**What is required:** Copy the data exactly; pictures stay out of the copy.

**Data below:**
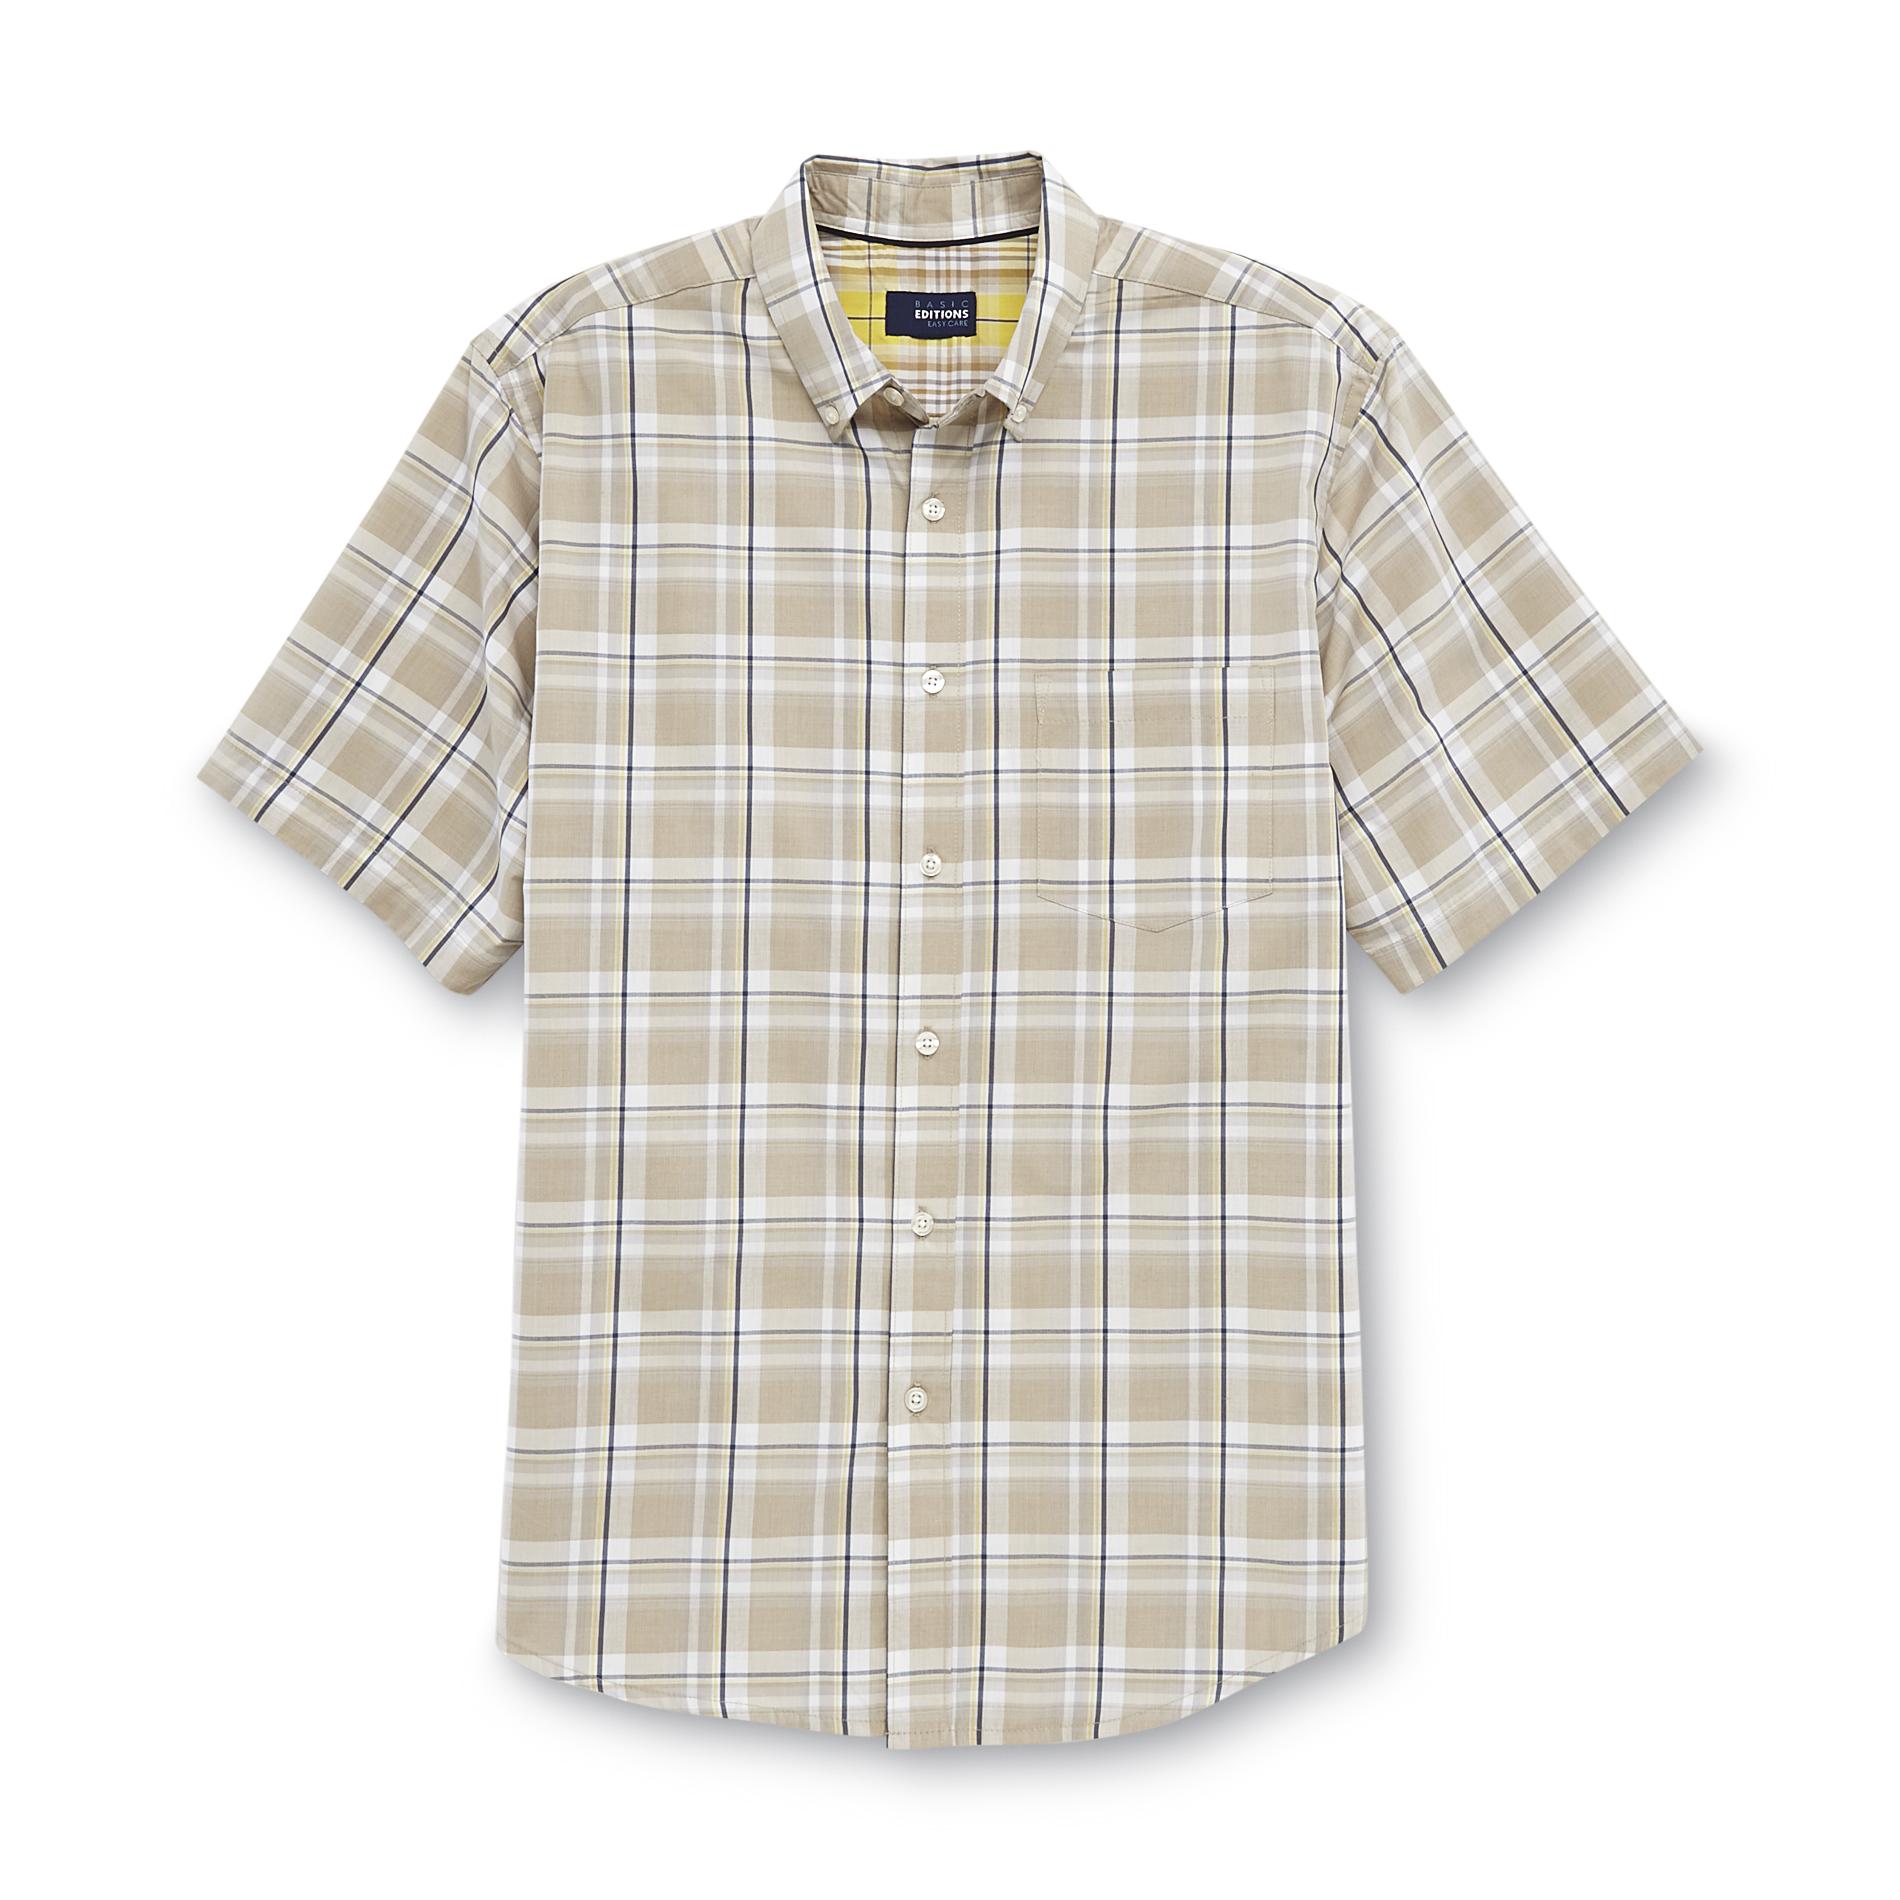 Basic Editions Men's Short-Sleeve Poplin Shirt - Plaid
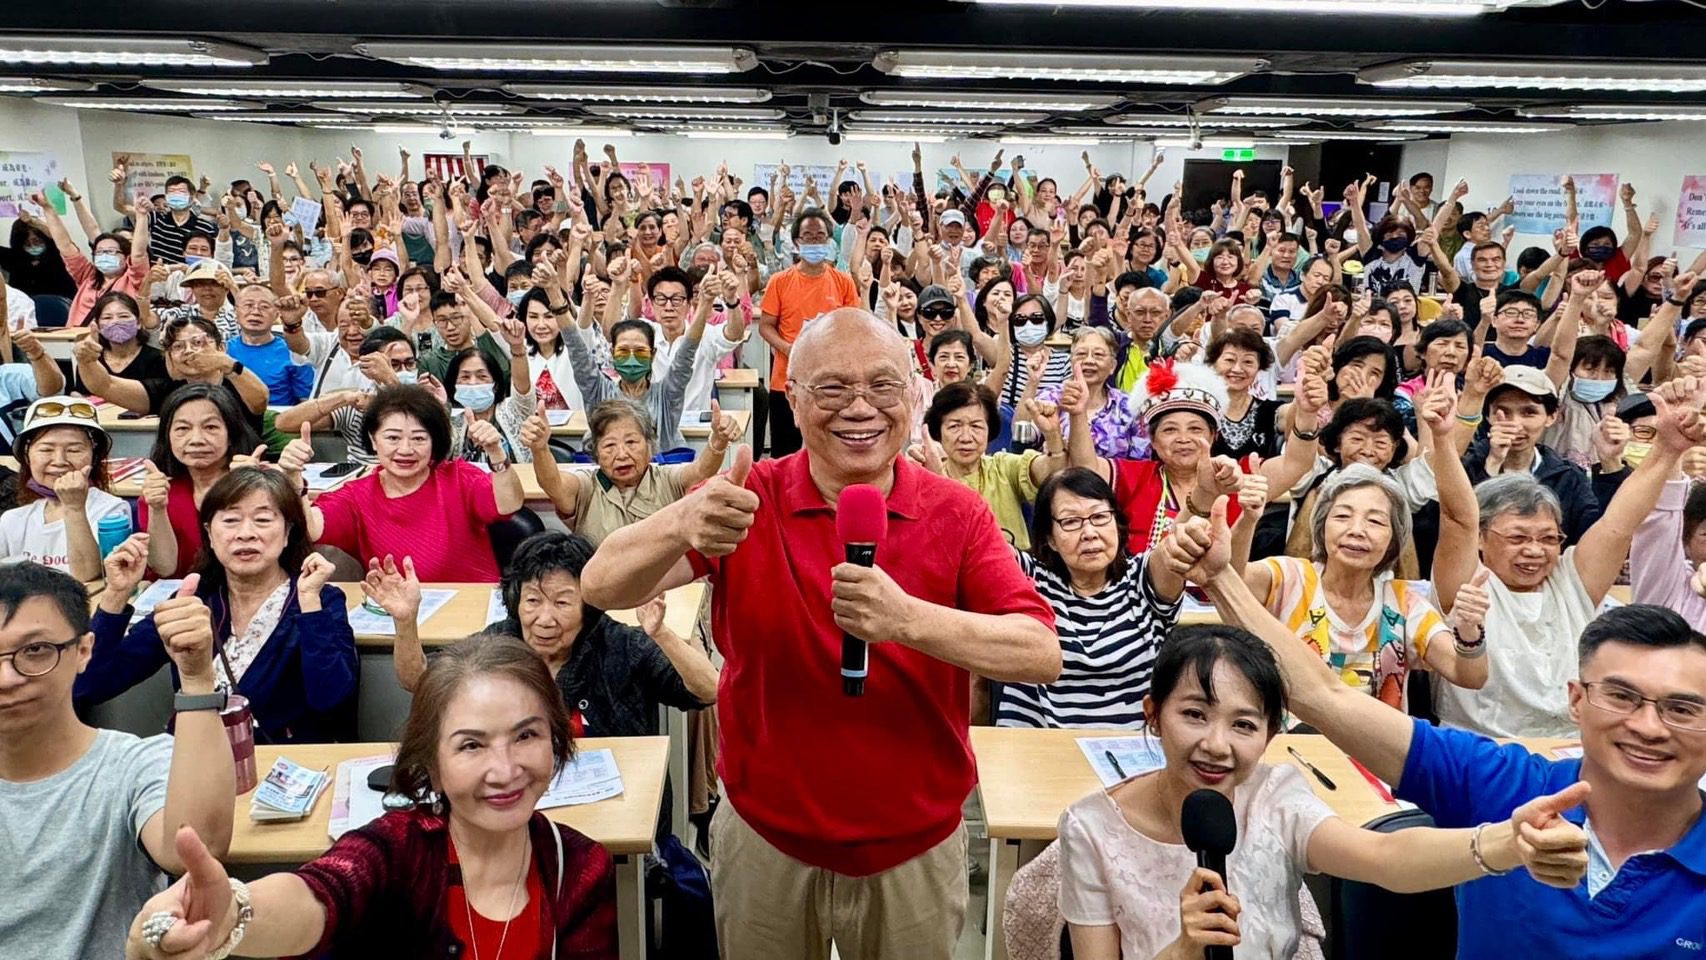 劉毅老師完美英語魅力無法擋 粉絲瘋狂組團 台灣課堂擠破門
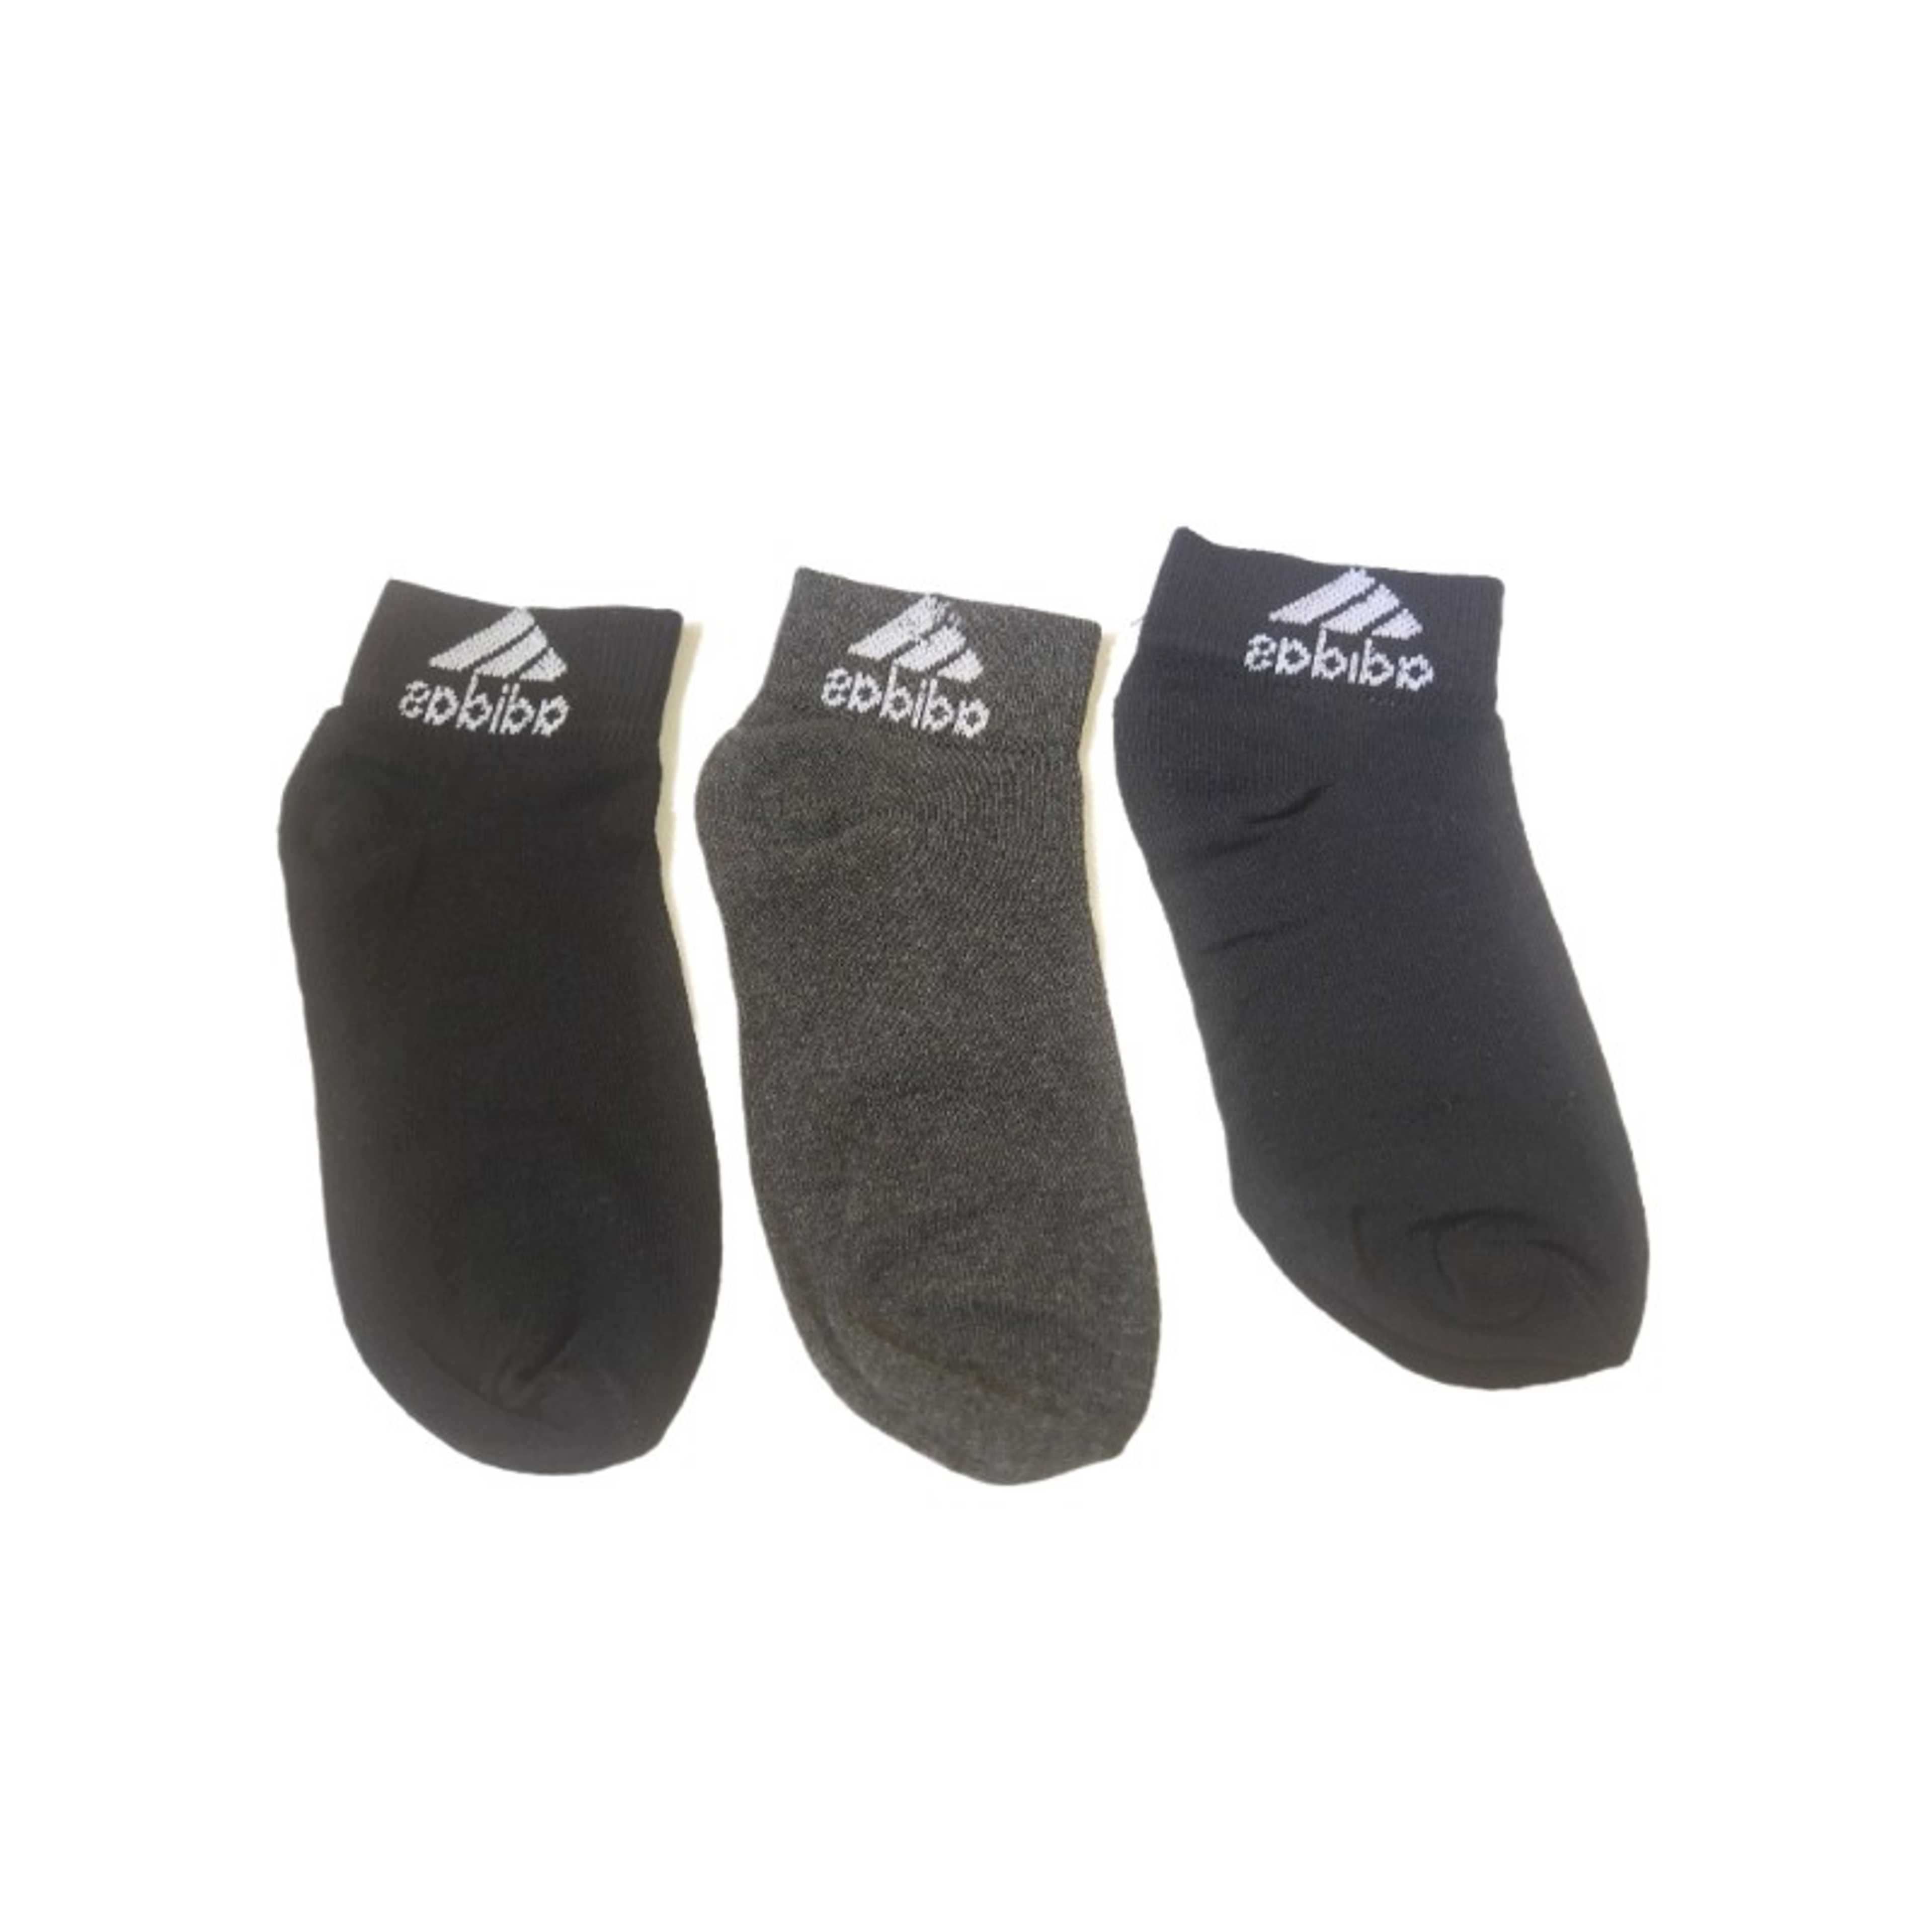 Socks Pack Of 3 Pairs Ankle Socks For Men Women, Braded Socks, Cotton Moza - Random colors

**Exercise response:**
 Basic Editions Men's Short-Sleeve Poplin Shirt - Plaid
 劉毅老師完美英語魅力無法擋 粉絲瘋狂組團 台灣課堂擠破門
 Socks Pack Of 3 Pairs Ankle Socks For Men Women, Braded Socks, Cotton Moza - Random colors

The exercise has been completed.